| SOURCE DATA |
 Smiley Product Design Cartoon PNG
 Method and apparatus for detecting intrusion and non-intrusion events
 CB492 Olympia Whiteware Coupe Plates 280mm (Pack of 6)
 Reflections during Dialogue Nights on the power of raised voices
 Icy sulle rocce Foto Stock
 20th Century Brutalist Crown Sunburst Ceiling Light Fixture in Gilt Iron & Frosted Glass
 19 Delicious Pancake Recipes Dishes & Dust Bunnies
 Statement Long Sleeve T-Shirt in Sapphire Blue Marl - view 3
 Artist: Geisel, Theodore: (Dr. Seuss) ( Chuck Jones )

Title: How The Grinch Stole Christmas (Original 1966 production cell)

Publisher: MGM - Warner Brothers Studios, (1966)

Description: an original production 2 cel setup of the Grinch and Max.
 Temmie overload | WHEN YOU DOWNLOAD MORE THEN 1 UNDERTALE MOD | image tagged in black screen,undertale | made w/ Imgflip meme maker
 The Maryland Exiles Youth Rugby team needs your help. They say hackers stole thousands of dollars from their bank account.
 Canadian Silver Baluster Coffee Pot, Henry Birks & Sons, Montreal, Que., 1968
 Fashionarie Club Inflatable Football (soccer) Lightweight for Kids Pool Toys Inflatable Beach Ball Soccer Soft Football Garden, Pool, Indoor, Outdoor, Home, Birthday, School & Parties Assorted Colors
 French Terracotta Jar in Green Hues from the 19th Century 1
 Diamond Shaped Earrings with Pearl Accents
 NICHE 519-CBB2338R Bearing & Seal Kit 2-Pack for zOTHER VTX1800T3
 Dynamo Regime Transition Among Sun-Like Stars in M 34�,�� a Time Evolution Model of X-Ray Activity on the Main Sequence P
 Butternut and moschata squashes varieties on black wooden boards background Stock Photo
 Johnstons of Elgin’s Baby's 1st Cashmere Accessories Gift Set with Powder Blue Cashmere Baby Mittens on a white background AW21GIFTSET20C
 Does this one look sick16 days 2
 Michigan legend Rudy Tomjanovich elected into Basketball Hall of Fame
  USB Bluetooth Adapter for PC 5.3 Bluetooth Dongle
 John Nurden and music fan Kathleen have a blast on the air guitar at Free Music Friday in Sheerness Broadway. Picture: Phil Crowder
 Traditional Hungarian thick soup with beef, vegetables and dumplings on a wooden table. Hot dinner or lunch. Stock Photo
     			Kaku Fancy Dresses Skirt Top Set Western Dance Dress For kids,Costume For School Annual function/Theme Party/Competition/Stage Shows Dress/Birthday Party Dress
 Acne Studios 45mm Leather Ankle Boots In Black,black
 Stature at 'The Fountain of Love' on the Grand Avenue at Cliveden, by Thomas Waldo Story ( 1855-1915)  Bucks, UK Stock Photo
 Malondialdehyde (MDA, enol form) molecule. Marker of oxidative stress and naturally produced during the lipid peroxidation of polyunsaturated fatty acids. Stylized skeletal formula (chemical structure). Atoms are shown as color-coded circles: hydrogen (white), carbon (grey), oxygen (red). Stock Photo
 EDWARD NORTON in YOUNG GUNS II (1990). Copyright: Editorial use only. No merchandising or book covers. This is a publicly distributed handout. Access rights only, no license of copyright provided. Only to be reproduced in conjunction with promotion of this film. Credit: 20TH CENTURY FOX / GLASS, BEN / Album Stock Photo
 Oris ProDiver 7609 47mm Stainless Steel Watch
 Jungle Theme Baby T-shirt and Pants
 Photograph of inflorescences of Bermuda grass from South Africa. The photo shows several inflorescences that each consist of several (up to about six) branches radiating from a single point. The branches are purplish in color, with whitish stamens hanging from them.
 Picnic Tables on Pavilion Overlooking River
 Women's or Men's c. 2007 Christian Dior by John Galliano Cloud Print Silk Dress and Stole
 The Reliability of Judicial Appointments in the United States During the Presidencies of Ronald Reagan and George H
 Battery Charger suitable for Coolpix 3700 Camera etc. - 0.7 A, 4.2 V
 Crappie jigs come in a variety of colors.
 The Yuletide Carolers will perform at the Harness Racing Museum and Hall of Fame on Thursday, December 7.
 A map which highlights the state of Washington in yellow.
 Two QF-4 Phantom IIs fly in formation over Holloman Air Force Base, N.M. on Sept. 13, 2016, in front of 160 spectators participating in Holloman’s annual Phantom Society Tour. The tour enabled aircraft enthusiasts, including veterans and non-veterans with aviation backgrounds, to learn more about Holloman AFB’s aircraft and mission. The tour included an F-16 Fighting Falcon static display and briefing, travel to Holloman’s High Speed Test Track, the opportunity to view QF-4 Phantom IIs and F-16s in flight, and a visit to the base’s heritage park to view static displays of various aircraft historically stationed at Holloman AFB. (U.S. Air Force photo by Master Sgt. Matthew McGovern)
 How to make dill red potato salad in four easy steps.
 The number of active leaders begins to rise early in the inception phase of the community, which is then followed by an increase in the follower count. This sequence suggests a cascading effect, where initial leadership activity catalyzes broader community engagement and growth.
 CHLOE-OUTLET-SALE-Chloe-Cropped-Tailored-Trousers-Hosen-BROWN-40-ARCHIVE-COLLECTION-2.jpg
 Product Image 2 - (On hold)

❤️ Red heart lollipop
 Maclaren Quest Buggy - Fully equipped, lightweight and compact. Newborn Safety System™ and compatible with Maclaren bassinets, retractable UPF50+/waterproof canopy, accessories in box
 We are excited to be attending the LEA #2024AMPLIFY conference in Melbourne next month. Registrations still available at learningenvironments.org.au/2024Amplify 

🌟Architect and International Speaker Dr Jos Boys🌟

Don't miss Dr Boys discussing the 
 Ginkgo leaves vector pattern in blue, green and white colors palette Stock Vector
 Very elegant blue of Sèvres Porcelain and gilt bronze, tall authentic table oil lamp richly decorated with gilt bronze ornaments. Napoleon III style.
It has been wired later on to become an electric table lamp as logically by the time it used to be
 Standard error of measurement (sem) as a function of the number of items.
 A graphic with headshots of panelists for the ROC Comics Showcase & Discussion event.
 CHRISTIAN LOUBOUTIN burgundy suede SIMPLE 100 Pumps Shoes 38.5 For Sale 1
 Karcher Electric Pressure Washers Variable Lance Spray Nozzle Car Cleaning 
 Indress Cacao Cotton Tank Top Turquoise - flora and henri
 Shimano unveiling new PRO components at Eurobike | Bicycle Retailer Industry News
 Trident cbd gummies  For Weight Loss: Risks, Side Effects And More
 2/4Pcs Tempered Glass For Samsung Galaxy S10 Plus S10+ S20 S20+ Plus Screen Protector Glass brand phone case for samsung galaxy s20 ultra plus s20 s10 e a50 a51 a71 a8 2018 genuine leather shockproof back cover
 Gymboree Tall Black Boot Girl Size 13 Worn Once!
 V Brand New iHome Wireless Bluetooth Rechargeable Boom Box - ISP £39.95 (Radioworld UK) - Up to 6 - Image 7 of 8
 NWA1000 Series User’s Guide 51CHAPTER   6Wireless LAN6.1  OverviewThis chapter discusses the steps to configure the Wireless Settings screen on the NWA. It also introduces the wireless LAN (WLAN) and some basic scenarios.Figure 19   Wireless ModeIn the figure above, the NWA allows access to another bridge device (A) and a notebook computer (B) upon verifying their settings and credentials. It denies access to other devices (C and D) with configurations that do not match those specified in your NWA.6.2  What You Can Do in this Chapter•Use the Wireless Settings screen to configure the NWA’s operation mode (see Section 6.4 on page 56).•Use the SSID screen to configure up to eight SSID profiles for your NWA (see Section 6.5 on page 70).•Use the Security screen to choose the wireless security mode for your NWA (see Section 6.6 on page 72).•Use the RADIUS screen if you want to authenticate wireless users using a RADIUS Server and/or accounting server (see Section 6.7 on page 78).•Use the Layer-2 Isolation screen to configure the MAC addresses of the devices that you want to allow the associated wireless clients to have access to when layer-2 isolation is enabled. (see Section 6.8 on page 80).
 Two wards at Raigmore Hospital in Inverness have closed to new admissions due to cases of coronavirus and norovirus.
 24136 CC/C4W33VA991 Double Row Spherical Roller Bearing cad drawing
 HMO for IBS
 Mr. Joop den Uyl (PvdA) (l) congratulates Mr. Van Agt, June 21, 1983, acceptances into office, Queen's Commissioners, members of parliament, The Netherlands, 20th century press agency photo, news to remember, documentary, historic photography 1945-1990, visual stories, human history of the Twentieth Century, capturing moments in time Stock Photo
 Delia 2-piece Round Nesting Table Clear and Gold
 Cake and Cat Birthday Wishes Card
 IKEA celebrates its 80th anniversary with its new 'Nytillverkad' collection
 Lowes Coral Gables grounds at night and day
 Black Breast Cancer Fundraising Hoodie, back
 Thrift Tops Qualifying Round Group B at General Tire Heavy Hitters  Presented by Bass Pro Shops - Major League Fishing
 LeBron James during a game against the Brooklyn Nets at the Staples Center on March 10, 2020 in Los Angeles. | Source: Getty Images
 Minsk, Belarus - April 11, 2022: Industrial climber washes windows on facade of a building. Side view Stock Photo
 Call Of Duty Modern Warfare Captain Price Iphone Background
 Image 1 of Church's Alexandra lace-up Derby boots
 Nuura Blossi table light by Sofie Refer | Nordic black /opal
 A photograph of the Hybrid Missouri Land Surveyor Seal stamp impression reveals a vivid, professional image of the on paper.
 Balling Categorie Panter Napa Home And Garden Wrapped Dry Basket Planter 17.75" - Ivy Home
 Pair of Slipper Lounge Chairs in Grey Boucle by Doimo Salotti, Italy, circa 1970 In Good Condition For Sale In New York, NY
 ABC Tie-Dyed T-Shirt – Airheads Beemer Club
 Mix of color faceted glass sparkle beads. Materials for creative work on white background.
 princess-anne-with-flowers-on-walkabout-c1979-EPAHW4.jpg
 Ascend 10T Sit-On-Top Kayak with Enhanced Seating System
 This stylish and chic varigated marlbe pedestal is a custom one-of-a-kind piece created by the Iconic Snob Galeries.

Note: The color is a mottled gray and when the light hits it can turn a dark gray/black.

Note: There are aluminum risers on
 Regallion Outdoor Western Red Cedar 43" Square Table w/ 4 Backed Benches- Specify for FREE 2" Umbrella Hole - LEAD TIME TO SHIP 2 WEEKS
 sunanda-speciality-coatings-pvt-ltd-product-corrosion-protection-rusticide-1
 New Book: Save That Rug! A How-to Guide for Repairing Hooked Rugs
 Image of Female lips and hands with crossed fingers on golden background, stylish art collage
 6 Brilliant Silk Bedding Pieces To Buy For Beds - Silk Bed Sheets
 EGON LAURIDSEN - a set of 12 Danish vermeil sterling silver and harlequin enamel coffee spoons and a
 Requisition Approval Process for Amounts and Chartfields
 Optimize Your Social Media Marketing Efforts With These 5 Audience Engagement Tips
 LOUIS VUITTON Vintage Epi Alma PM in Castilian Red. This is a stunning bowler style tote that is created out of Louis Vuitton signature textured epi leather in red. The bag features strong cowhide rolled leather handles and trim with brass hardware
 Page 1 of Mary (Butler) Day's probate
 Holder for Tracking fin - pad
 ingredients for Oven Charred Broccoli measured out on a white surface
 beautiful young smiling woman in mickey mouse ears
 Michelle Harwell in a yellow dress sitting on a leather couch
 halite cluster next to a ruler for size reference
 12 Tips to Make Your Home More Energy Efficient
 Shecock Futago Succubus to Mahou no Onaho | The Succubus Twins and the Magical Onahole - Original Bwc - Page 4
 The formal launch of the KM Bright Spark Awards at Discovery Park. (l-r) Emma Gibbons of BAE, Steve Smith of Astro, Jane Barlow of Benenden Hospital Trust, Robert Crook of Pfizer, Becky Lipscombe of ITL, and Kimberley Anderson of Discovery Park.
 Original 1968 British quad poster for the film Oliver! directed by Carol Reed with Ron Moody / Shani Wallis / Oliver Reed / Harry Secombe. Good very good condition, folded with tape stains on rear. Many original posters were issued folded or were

| TASK PROMPT |
What you return must be an exact retyping of the lines above starting at the line with "Women's or Men's" and ending at the line with "A map which", and nothing besides.

| REPLY TO THE TASK |
 Women's or Men's c. 2007 Christian Dior by John Galliano Cloud Print Silk Dress and Stole
 The Reliability of Judicial Appointments in the United States During the Presidencies of Ronald Reagan and George H
 Battery Charger suitable for Coolpix 3700 Camera etc. - 0.7 A, 4.2 V
 Crappie jigs come in a variety of colors.
 The Yuletide Carolers will perform at the Harness Racing Museum and Hall of Fame on Thursday, December 7.
 A map which highlights the state of Washington in yellow.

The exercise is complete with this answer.